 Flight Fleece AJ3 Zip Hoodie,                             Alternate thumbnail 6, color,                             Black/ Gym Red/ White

■ ■ ■

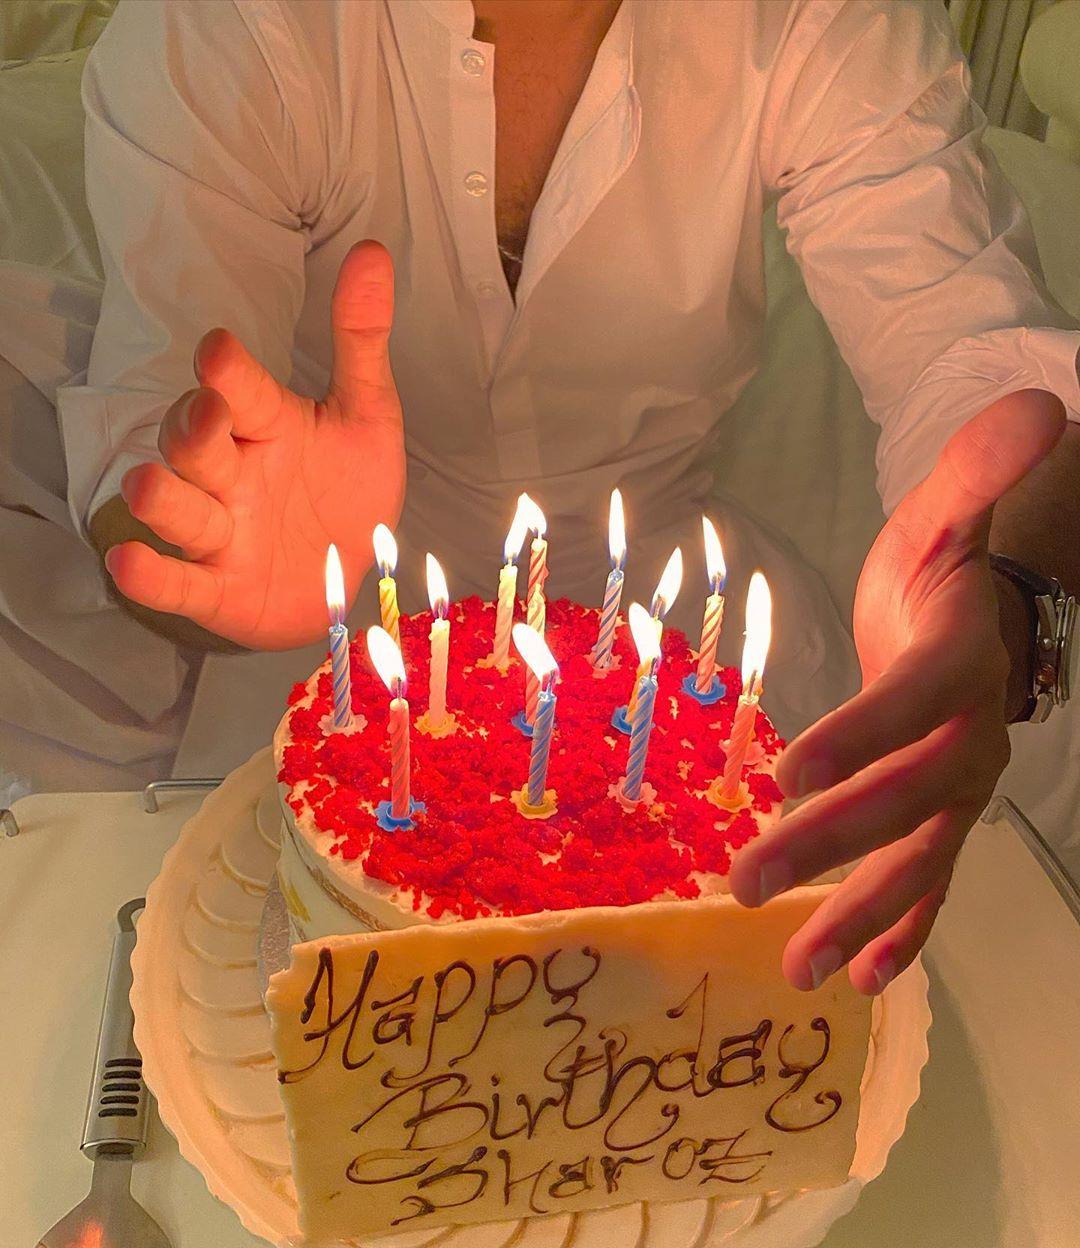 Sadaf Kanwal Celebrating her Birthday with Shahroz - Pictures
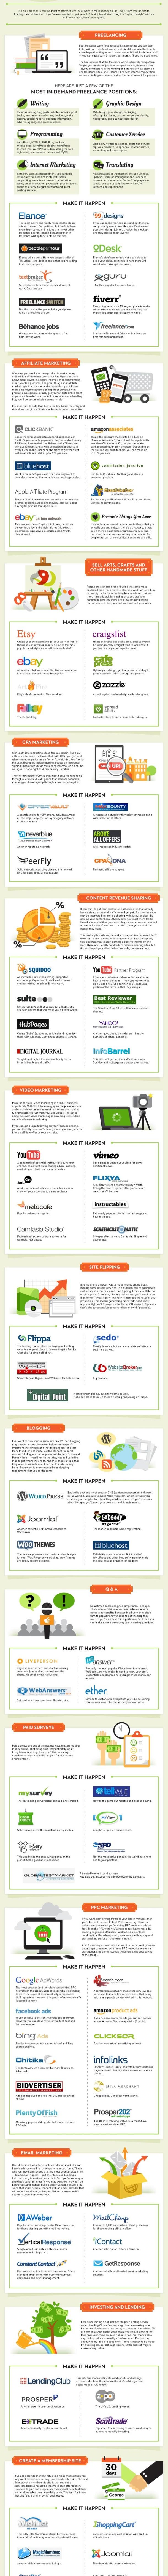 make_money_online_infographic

■ ■ ■

From the line with "Sadaf Kanwal Celebrating" up to and including the line with "make_money_online_infographic" above, retype every line exactly and nothing more; leave out the pictures.

 Sadaf Kanwal Celebrating her Birthday with Shahroz - Pictures
 make_money_online_infographic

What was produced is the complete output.